While more than 200 of its 2,600 third-graders might be held back for failing the tests, the district attained the third best scores in Queens, according to the results.
The tests are scored on a scale of Level 1 through Level 4, with 1 as the failing mark and 4 as the highest. A score of 2 is below average but not failing, while 3 is above average.
Under Schools Chancellor Joel Klein's new initiative to end social promotion, students who get a 1 on the math and reading tests could be held back depending on the appeals process.
About 56 percent of third-graders got a 3 or 4 in District 30, which comprises 28 schools in Astoria, Long Island City, Jackson Heights, Elmhurst, Woodside, and part of Corona.
That percentage places District 30 behind District 26 in northeast Queens, in which 68 percent of its students earned a 3 or 4, and District 25 in the northern section of the borough, where 67 percent of its students landed in the same category.
District 30 had more than 1,100 students - or 43 percent of the total class - scoring a mark of 1 or 2, figures showed.
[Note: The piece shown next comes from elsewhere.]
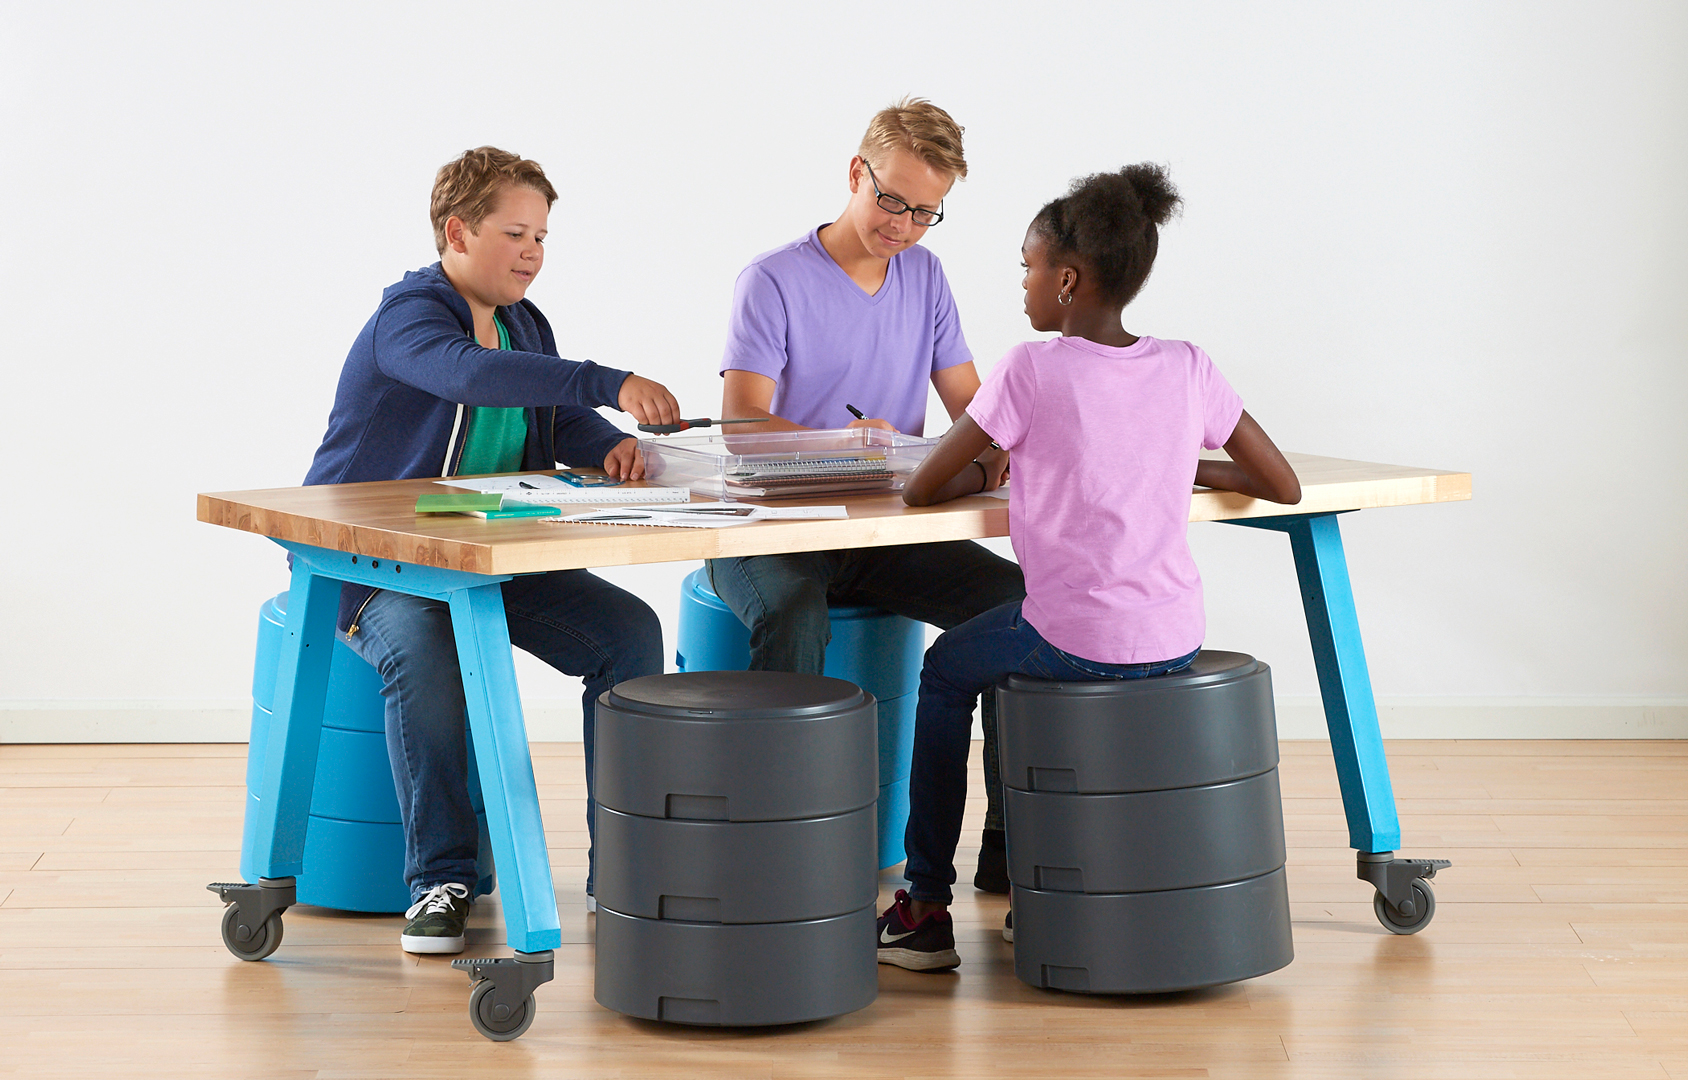 Top 10 Benefits of a Flexible-Seating Classroom - Smith System Blog

While that means more than a third of the total students who took the tests scored low, most of the other six districts had a comparative number of low-scoring students.
Some 55 percent of students in District 27, 53 percent of students in District 29 and 45 percent of students in Districts 24 and 28 scored either a 1 or 2, figures showed.
The test scores were sent to administrators on June 3, the same day fourth and eighth-grade state test results were released to the public.
Students who flunked the third-grade tests will automatically be put into an appeals process to determine if they will move on to fourth grade. School principals will review their school work and decide if they are ready to advance. If the principal determines their work is sufficient, he or she passes them. If their work is found wanting, the students are flunked and encouraged - but not forced - to take summer school.
Students may retake the exams in August, with summer school work taken into consideration.
Parents should know whether their child is in the appeals process by the end of the week.